The visitor is greeted by the slightly menacing self-portrait ‘Mr Wyndham Lewis as a Tyro’ (1920–1), his teeth bared like a portcullis, his face long and angular as a hatchet. Lewis was a controversialist par excellence, the self-styled Enemy, a modernist of uncompromising views with an intellect to back them up. His incisive line is evident in a group of self-portrait drawings in the first room of the show, my favourite being the lowering ink and wash study from 1920 of our man in a big hat. He portrayed himself in different modes to show different sides of his personality, from the Cubist of 1911 to the nutty yokel of 1930, and then on to the sober businessman of 1932 and the slightly snide mocking figure with a pipe of 1938. He also painted himself as Raphael (1921), looking serene, quite a contrast to himself as the Enemy, at a combative angle to the world, economically rendered in ink and wash (1932).

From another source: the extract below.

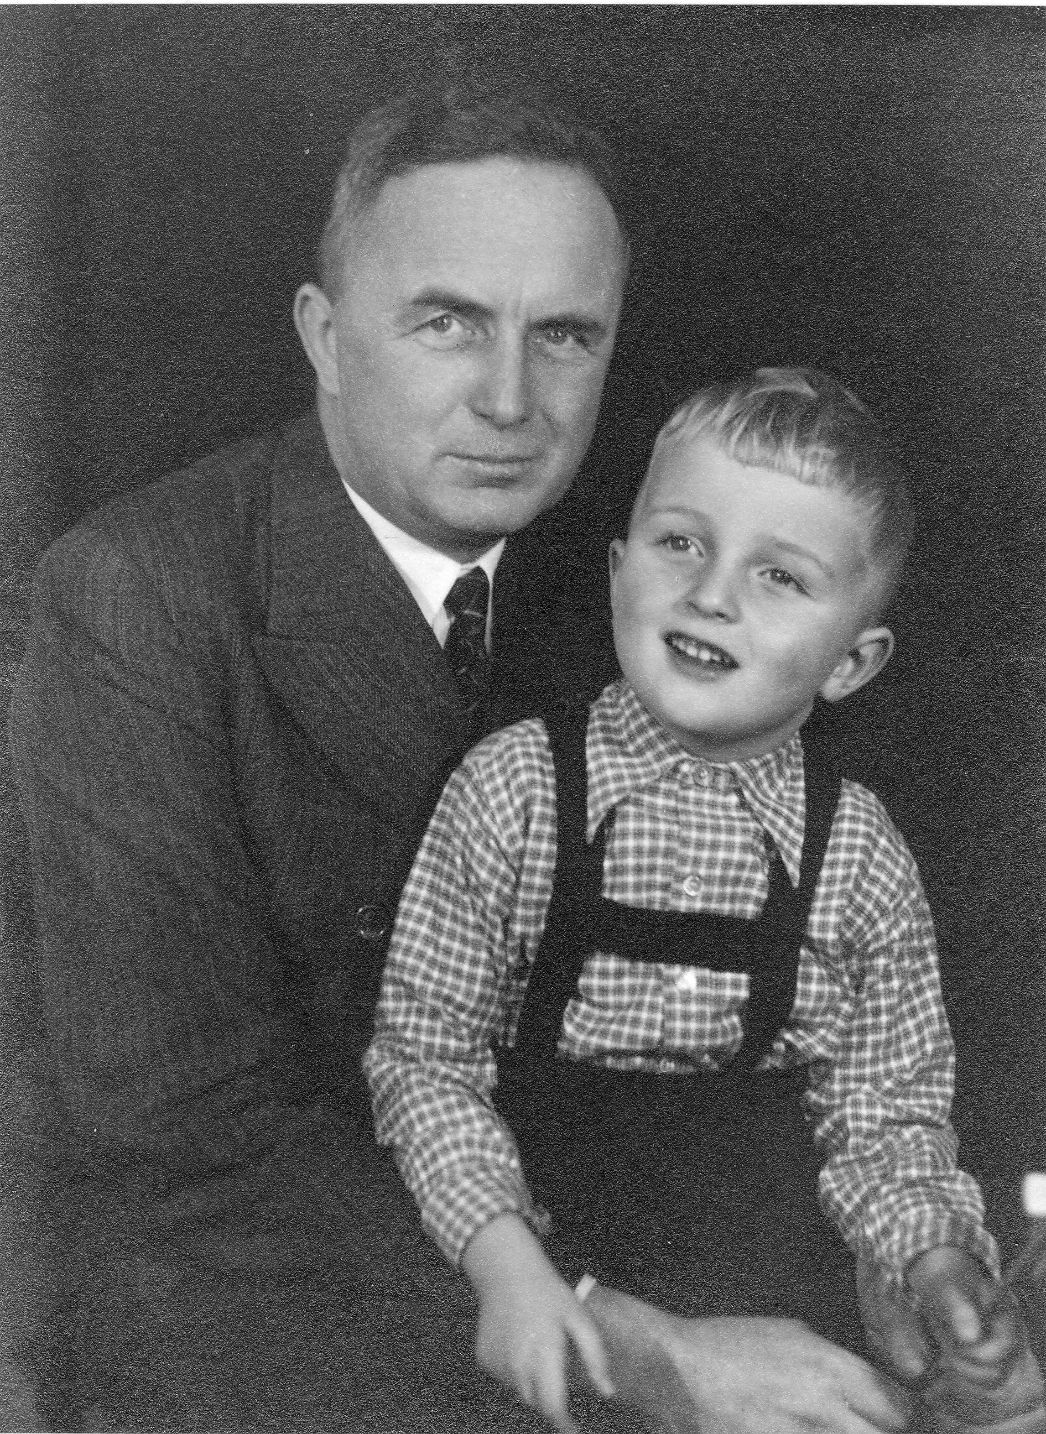 Portraiaufnahme von Hermann da Fonseca-Wollheim mit Sohn

As the exhibition’s organisers, Paul Edwards and Richard Humphreys, write in the handsome and informative catalogue (£15 in paperback): ‘In the deepest sense he was a pluralist, aware that no single, completely coherent personality could reflect the full range of truth about anything ... ’ Lewis was more interested in recording the various performances a person could put on than in trying to grasp some essential self. He depicted an individual in terms of what he saw — the exterior, visible shell — and made no attempt at psychological analysis. (How refreshing in this age of fetishised analysis and psychobabble.) Of course, in the process of keen and concentrated looking, he saw rather more than the average self-obsessed therapist ever sees.

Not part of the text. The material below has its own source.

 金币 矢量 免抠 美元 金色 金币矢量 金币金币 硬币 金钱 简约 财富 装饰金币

Look, for instance, at his famous portrait of Edith Sitwell, shown here surrounded by three drawings of her and one of her brother Sacheverell. Lewis was one of the few men ever to make a pass at Miss Sitwell. She thought herself ugly, rather than magnificent-looking and arresting, and thought her hands were her only elegant feature. Lewis depicts her as if she were machine-made, a mannikin with no hands at all. (The drawings are altogether more revealing.) Virginia Woolf, by comparison, is shown with enormous, coarse labourer’s hands and a small, cadaverous head. Continue on round this room to find Nancy Cunard fashion-plate willowy in Venice, Edward Wadsworth with features faint as a developing negative, and the music critic Edwin Evans tough and unyielding in an armchair.
The main room contains dynamic portraits of Pound, Joyce and Naomi Mitchison, Rebecca West as one always imagines her, a heavily worked pencil study of G.K. Chesterton looking like a slightly benevolent bull at bay, while the last room concentrates on portraits of Mrs Lewis. There’s also a second late portrait of Eliot, lamentably weak, and not a patch on the drawing made for it. However, there are too many fine things here to mention, and a visit to the show is highly recommended.